Berto Giovanna, Ferreira-Cerca Sébastien, De Wulf Peter
Centre for Integrative Biology, University of Trento, Via Sommarive 9, 38123, Povo, TN, Italy.
Biochemistry III-Institute for Biochemistry, Genetics and Microbiology, University of Regensburg, Universitätsstraße 31, 93053, Regensburg, Germany.
Curr Genet. 2019 Apr;65(2):457-466. doi: 10.1007/s00294-018-0912-y. Epub 2018 Dec 4.
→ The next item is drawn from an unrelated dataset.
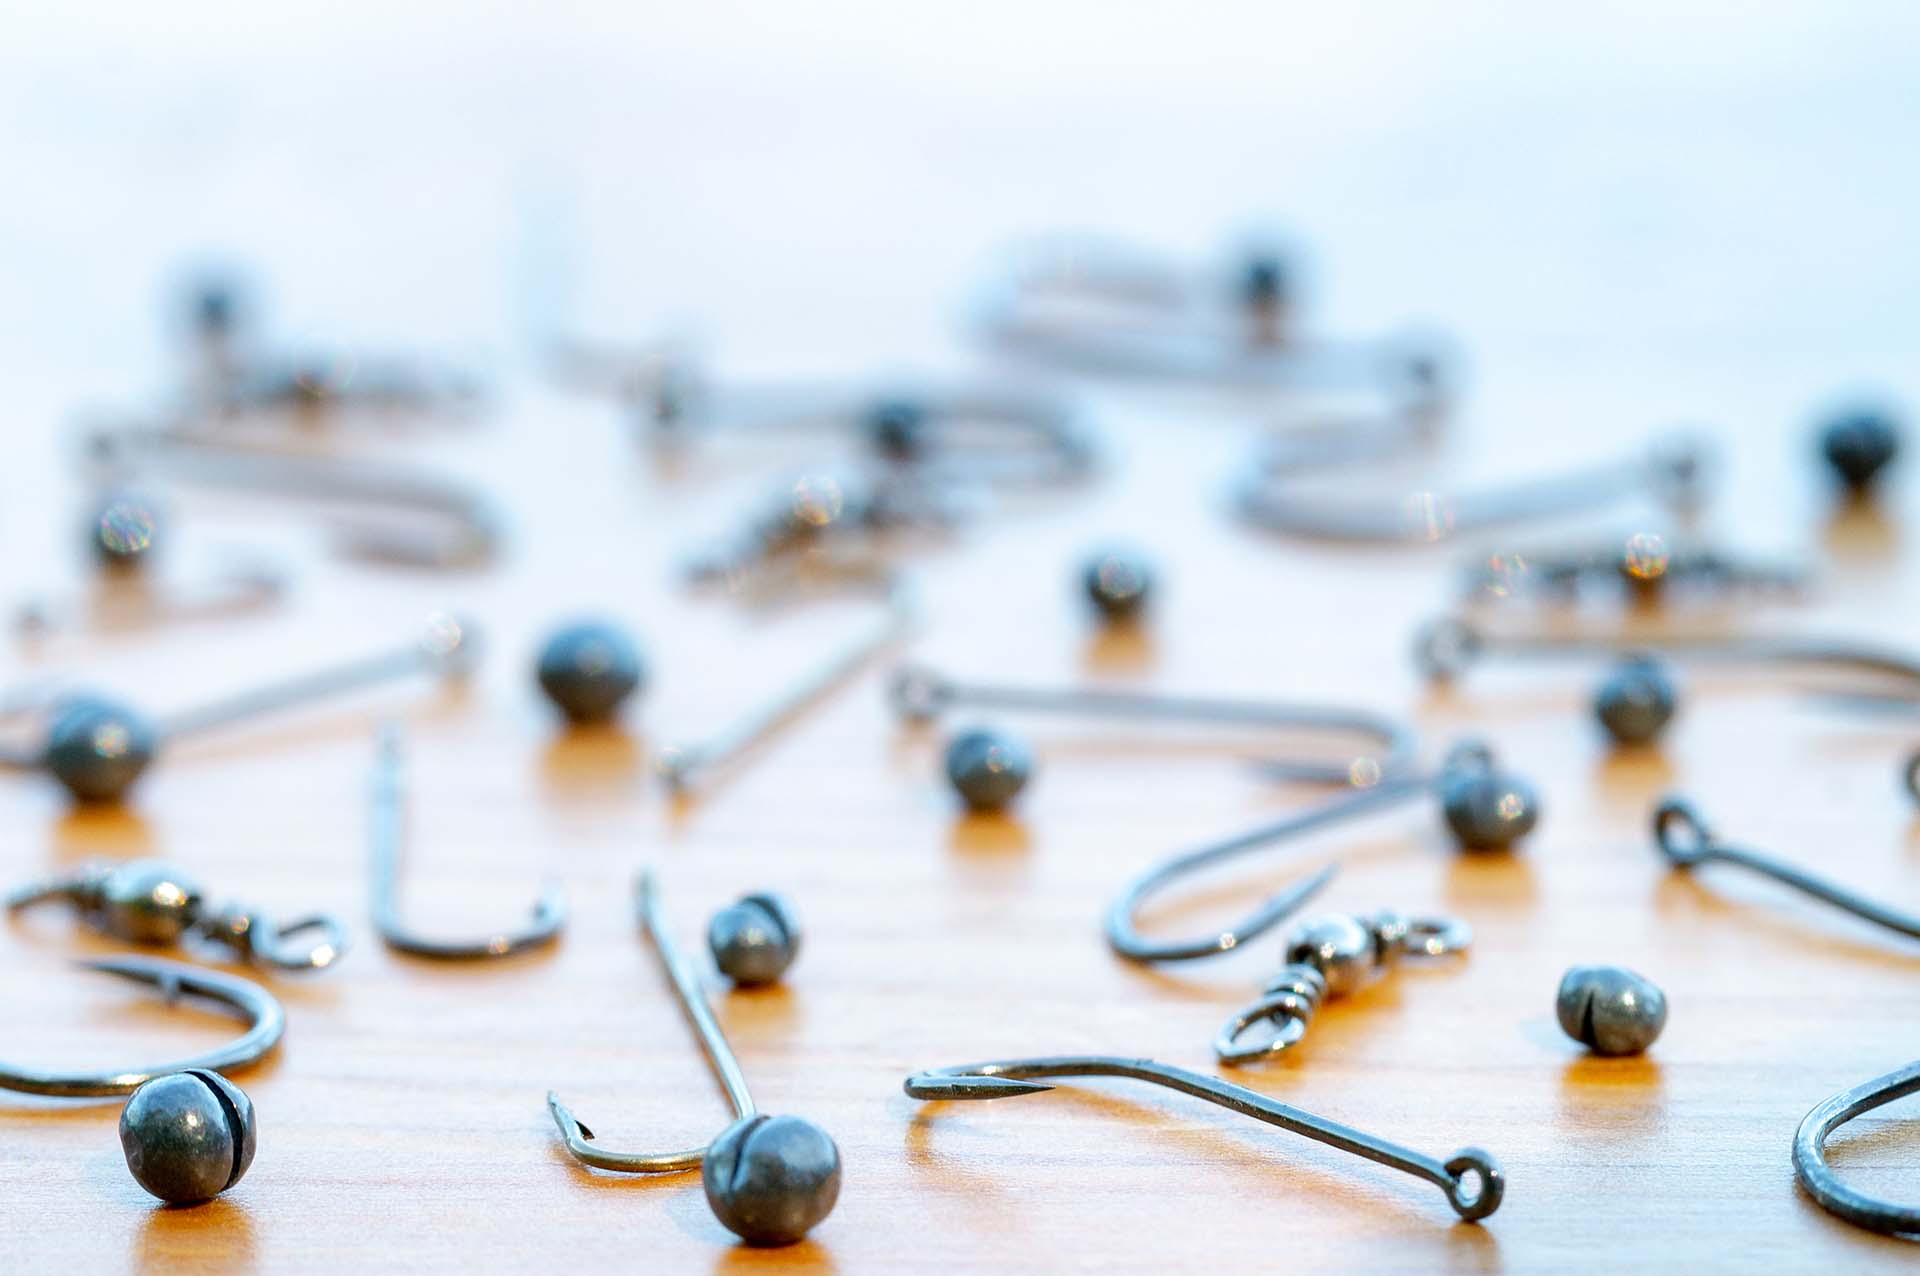 Fishing hooks and sinkers on a table

The atypical Rio1 protein kinases/ATPases, which exist in most archaea and eukaryotes, have been studied intensely to understand how they promote small ribosomal subunit (SSU) maturation. However, mutant and knockdown phenotypes in various organisms suggested roles in activities beyond SSU biogenesis, including the regulation of cell cycle progression (DNA transcription, replication, condensation, and segregation), cell division, metabolism, physiology, and development. Recent work with budding yeast, indeed, revealed that Rio1 (RIOK1 in metazoans) manages a large signaling network at the protein and gene levels via which it stimulates or restricts growth and division in response to nutrient availability. We examine how these findings translate to human cells and suggest that RIOK1 over-expression or mutations, as observed in primary cancer cells, may cause a mis-regulation of its network, contributing to cancer initiation and progression. We also reflect on how targeting RIOK1 might eradicate hitherto incurable tumors in the clinic.
非典型Rio1蛋白激酶/ATP酶存在于大多数古细菌和真核生物中,人们对其进行了深入研究,以了解它们如何促进小核糖体亚基(SSU)成熟。然而,各种生物体中的突变体和敲低表型表明,它们在SSU生物合成之外的活动中发挥作用,包括细胞周期进程(DNA转录、复制、凝聚和分离)、细胞分裂、代谢、生理和发育的调控。事实上,最近对芽殖酵母的研究表明,Rio1(后生动物中的RIOK1)在蛋白质和基因水平上管理着一个庞大的信号网络,通过该网络,它根据营养物质的可用性刺激或限制生长和分裂。我们研究了这些发现如何转化到人类细胞中,并表明在原发性癌细胞中观察到的RIOK1过表达或突变可能导致其网络的失调,从而促进癌症的发生和发展。我们还思考了靶向RIOK1如何在临床上根除迄今无法治愈的肿瘤。